Glenbarr Abbey History

On the Western coast of Scotland, twenty miles north of the Mull of Kintyre, which by the way was famous to Scots before Paul McCartney moved there and wrote his song about it, the grass is green and the heather thick. Near by Beinn Breac, one of Scotland’s highest peaks, there flows Barr Water famous for its sea trout and salmon fishing throughout Western Scotland.

On the North bank of Barr Water by the village of Glenbarr stands stately Glenbarr Abbey home and family seat of the Macalister of Glanbarr for 208 years. The history of the house is that the building comprises several different periods of construction and expansion. The original house was probably built around 1700 and is rumored to have been a roadhouse and horse changing station for travelers. It became a traditional Laird’s house some 50 years later. Some of the original rooms remain today in Glenbarr Abbey with their stone fireplaces.

The house was called Barr House originally and the village of Glenbarr consisted of a tailor, a blacksmith, three shops and thatched roofed cottages. In 1796 Matthew Macalister bought Barr House and many of the adjacent properties from Campbell of Barbreck who had gone bankrupt.

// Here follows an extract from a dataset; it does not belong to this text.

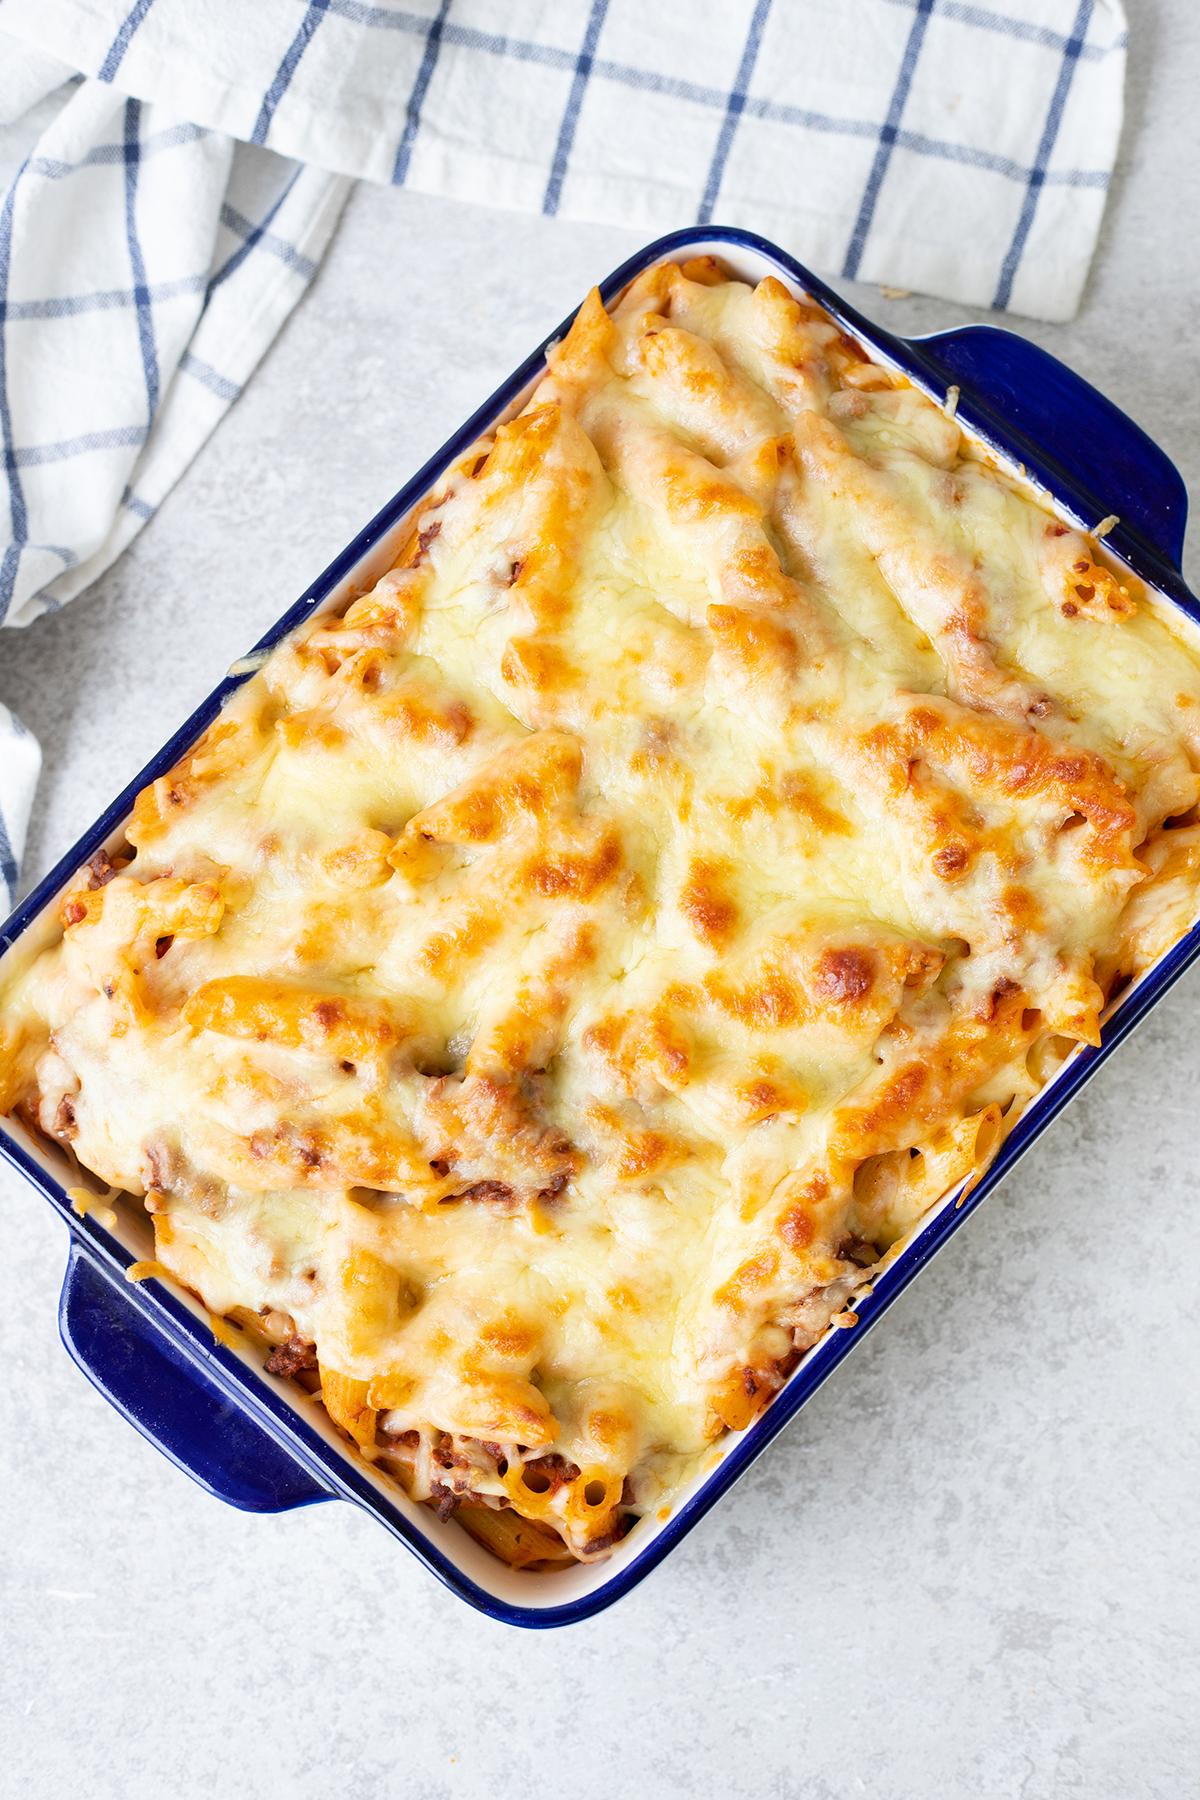 Pasta al Forno is a classic Italian baked pasta dish.
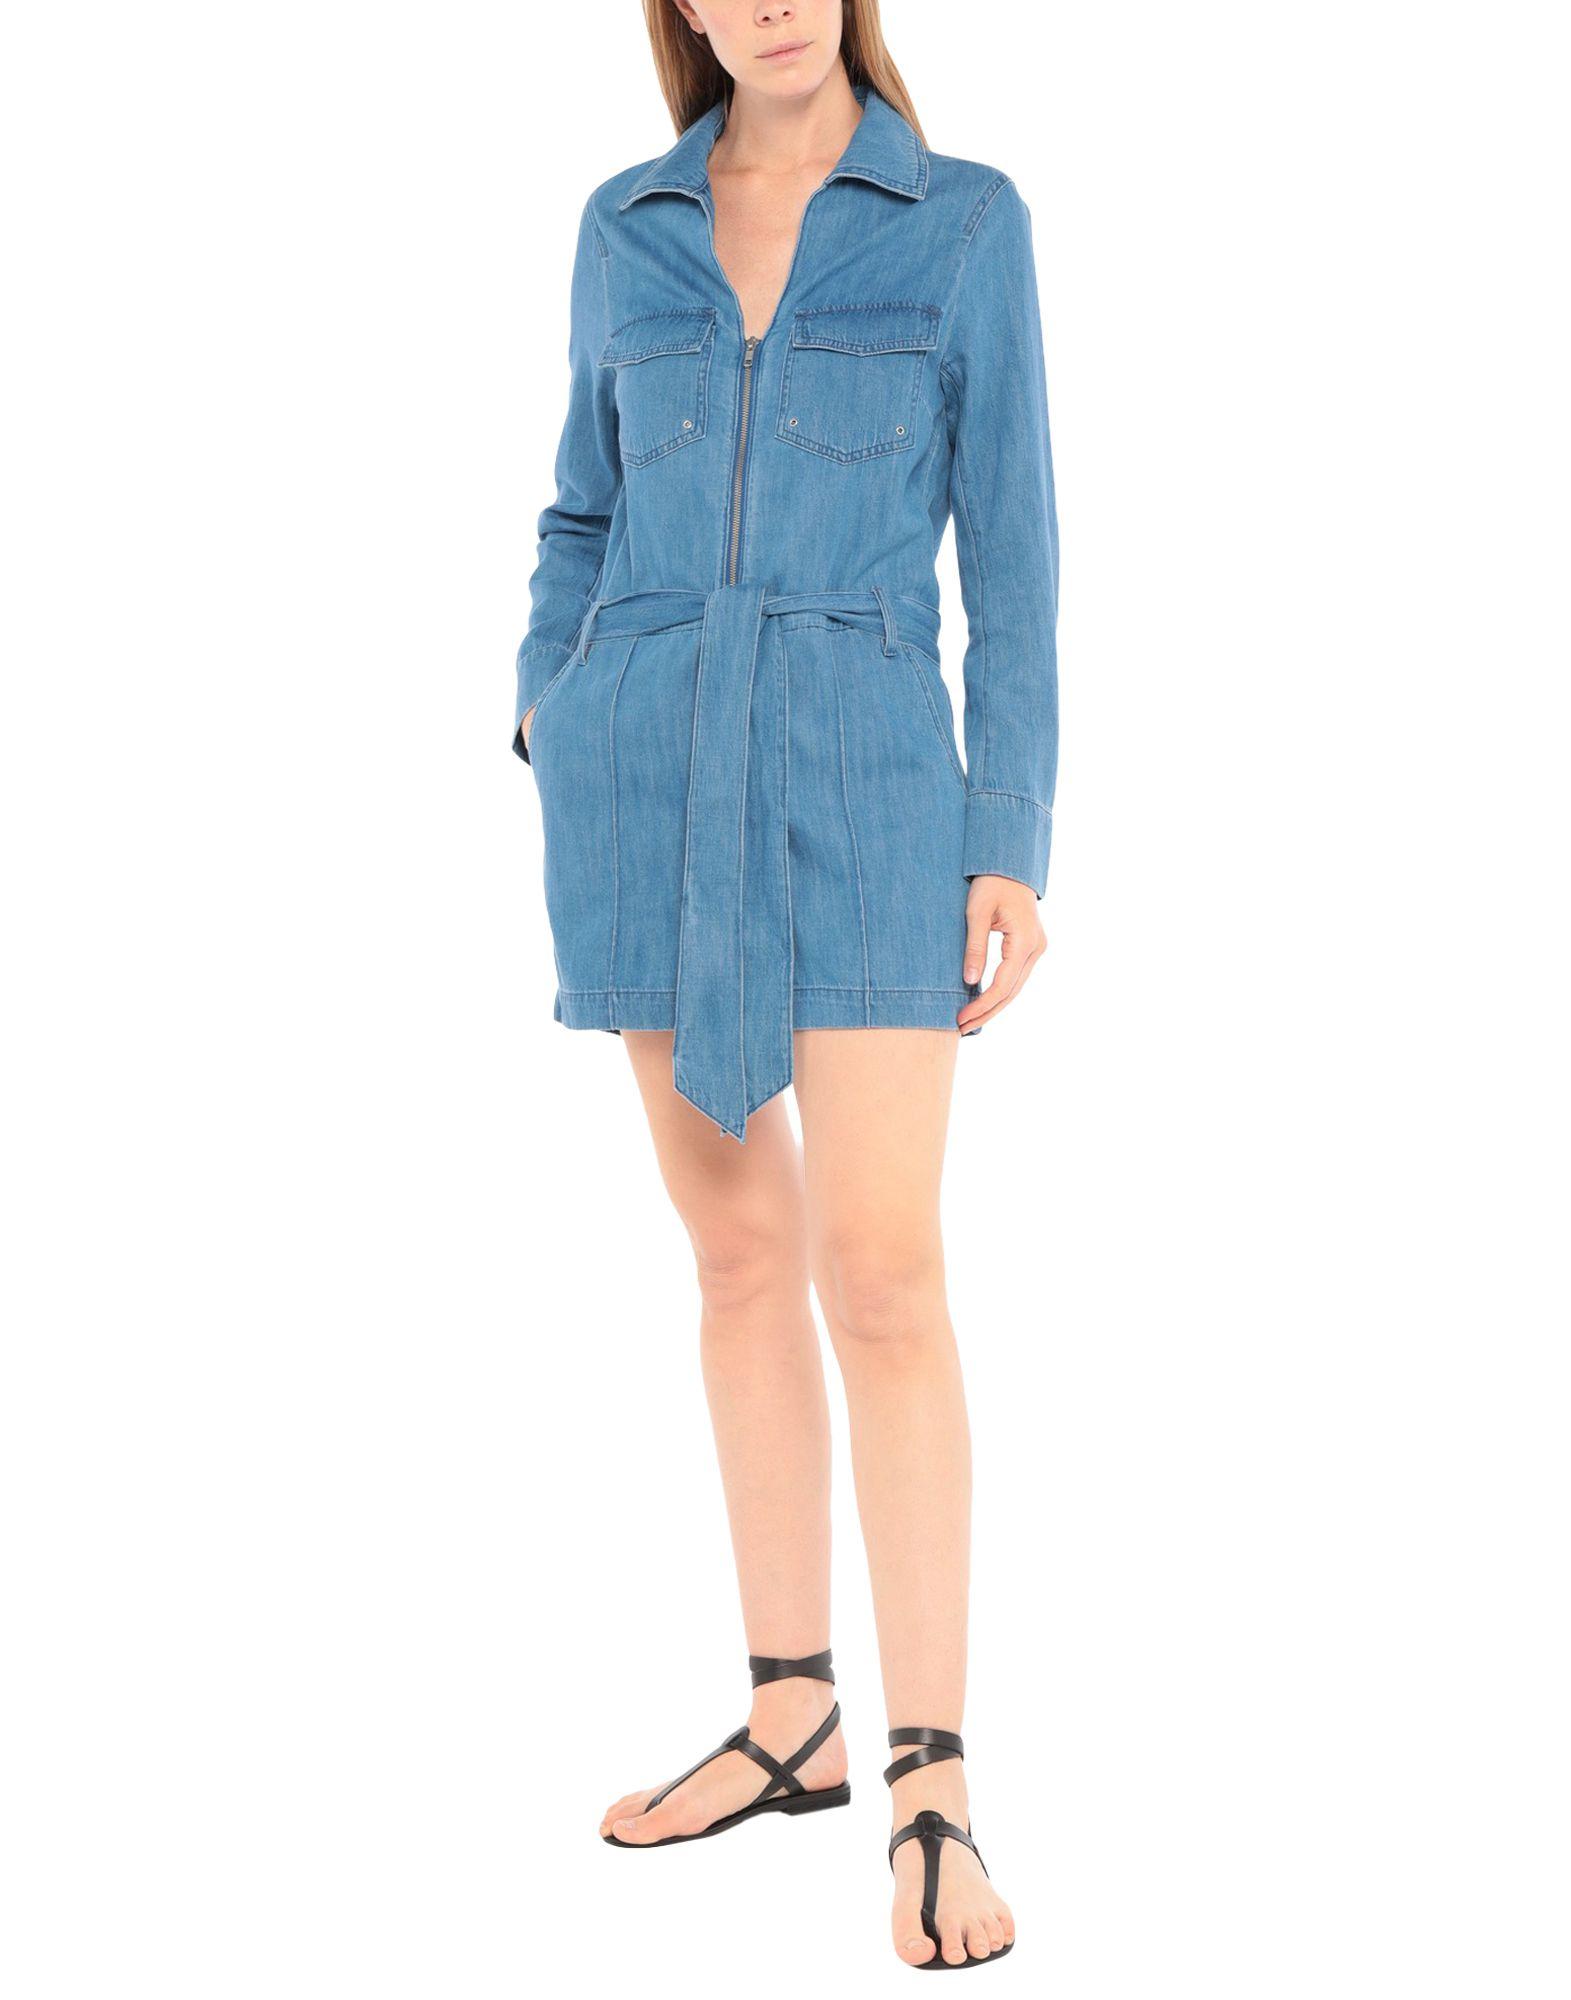 VERONICA BEARD Jumpsuits. denim, faded, belt, solid color, long sleeves, classic neckline, unlined, multipockets, zipper closure, front closure. 88% Cotton, 12% Linen

Kintyre and Knapdale, to the North of the Loop and Tarbert, had been the ancestral lands of Clan MacAlister since the 1300’s. These lands, most likely, originally belonged to an earlier MacAlister and were forfeit to the King after the MacAlisters participation in some rebellion.

The King would have given the land to Campbells for their support against the MacAlister rebels. Not sure about that, but it’s an educated guess. So I am sure that Matthew Macalister was delighted to have been in a position to purchase Barr House and lands from a bankrupt Campbell. Soon after buying Barr House Matthew married Charlotte Brodie of Brodie, and began to add to the structure.

Eventually after several years he decided to build a more fashionable Gothic Revival style house, turning the original structure into a mere wing of the his Grand new house.

This new house was designed by the then famous James Gillespie Graham, and was completed in 1815. With its new grandeur it was renamed ‘Glenbarr Abbey’. The use of the term Abbey was the fashion of the day even though the building was never used for religious purposes.

It is no coincidence James Gillespie Graham worked on Glenbarr Abbey as he was also working, at that time, on the MacAlisters of Toursdale house on the Eastern side of Kintyre. The new house has a medieval look with traceried windows, lancets, hood moldings, crocketed finials rising from corner buttressing and topped off with a unifying crenellated parapet that we see today.

In 1844 Keith Macalister, 2nd Laird Glenbarr, carried out further extensions to the west wing and added a court of offices, a coachman’s house and stables crowned with a parapet-stepped profile. He also built a large laundry behind the east wing that is now refurbished and used as a large hall for receptions, meetings and Ceilidhs.

The 3rd Laird Glenbarr, Matthew Charles Brodie Macalister, made many improvements to the adjoining woodlands, estate farms and village with the thatched roofs replaced with slate. Later in the 19th century, Ronald MacDonald Brodie Macalister, 4th Laird, continued to make improvements to the estate and farms and in 1947 he converted the water mill on the Barr Water into a generator house and brought electricity into the house. Glenbarr Abby was the first house in the area to have electric lights.